Short answer: to get one combined PDF where each sheet starts on its own page, group all the sheet tabs before you export so Excel treats them as one job but paginates each separately — or use a tool that renders each sheet as its own section and stitches them in order. CrazySmartPDF renders per sheet and lets you pick which sheets go in and how each one prints.
Doing it by hand in Excel
- Group the sheets: click the first sheet tab, then Ctrl-click (or Shift-click) the others so several tabs are selected at once.
- File → Print → Print Entire Workbook → Save as PDF, or File → Save As → PDF → Options… → Publish: Entire workbook. Each sheet paginates on its own — sheets don’t get mashed together onto one page.
- Remember to ungroup afterwards (right-click a tab → Ungroup Sheets), or edits you make will apply to all of them.
The honest catch: grouping is finicky and easy to forget to undo, and it doesn’t fix layout — a wide sheet still cuts off and a tall one still splits rows within its own section.
How CrazySmartPDF handles it
Per-sheet handling is the default, not a workaround:
- You choose which sheets render and in what order — one sheet, several, or the whole workbook.
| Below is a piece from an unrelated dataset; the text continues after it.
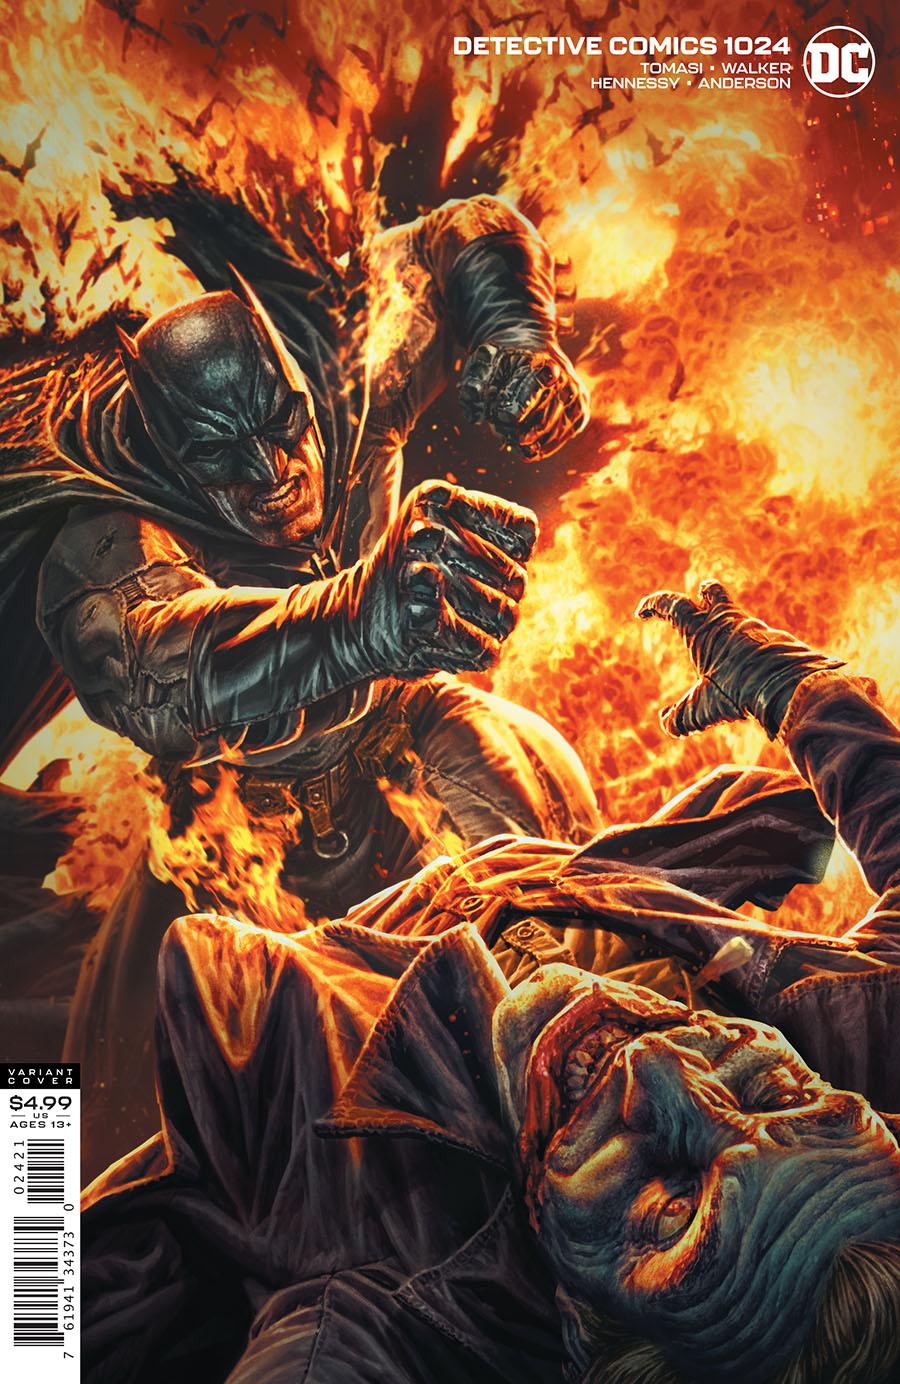 Detective Comics Vol 2 #1024 Cover B Variant Lee Bermejo Card Stock Cover (Joker War Tie-In)

Each sheet becomes its own section (its own page, or pages if it’s long), paginated with row-atomic breaks and repeating headers.
- Mix engines per sheet: mark specific sheets — a cover, a pivot — to print through Excel natively instead of the smart layout engine, so their rendering is exact. Pivot tables are detected and sent native automatically. Paper size, margins, and orientation are adjustable for the run.
The honest caveats
Renders through your installed Excel on Windows (2016+); no Mac or purely-online path today (the browser upload surface is a separate beta). Which sheets are “smart” versus “native” is a list you control — the shipping defaults reflect the billing workbook the engine grew up on, so you’ll want to point it at your own sheet names. Your original workbook is only ever read, never changed.